Data items
▼

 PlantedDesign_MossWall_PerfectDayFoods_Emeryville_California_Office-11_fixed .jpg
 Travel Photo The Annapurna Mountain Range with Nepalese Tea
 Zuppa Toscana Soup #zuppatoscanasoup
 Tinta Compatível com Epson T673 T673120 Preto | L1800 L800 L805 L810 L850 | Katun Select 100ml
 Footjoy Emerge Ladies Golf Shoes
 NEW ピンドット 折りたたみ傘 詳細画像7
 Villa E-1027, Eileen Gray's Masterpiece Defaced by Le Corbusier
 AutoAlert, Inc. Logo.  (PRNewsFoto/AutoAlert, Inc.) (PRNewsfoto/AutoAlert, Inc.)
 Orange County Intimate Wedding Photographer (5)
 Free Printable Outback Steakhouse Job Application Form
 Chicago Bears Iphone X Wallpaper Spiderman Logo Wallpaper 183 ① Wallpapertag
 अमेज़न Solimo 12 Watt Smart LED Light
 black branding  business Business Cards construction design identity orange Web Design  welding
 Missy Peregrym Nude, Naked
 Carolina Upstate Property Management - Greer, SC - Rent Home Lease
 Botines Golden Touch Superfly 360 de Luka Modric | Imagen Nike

▲

Work required
Gather up every line in the data above that contains the word "Logo", copying each one.

Answer below
 AutoAlert, Inc. Logo.  (PRNewsFoto/AutoAlert, Inc.) (PRNewsfoto/AutoAlert, Inc.)
 Chicago Bears Iphone X Wallpaper Spiderman Logo Wallpaper 183 ① Wallpapertag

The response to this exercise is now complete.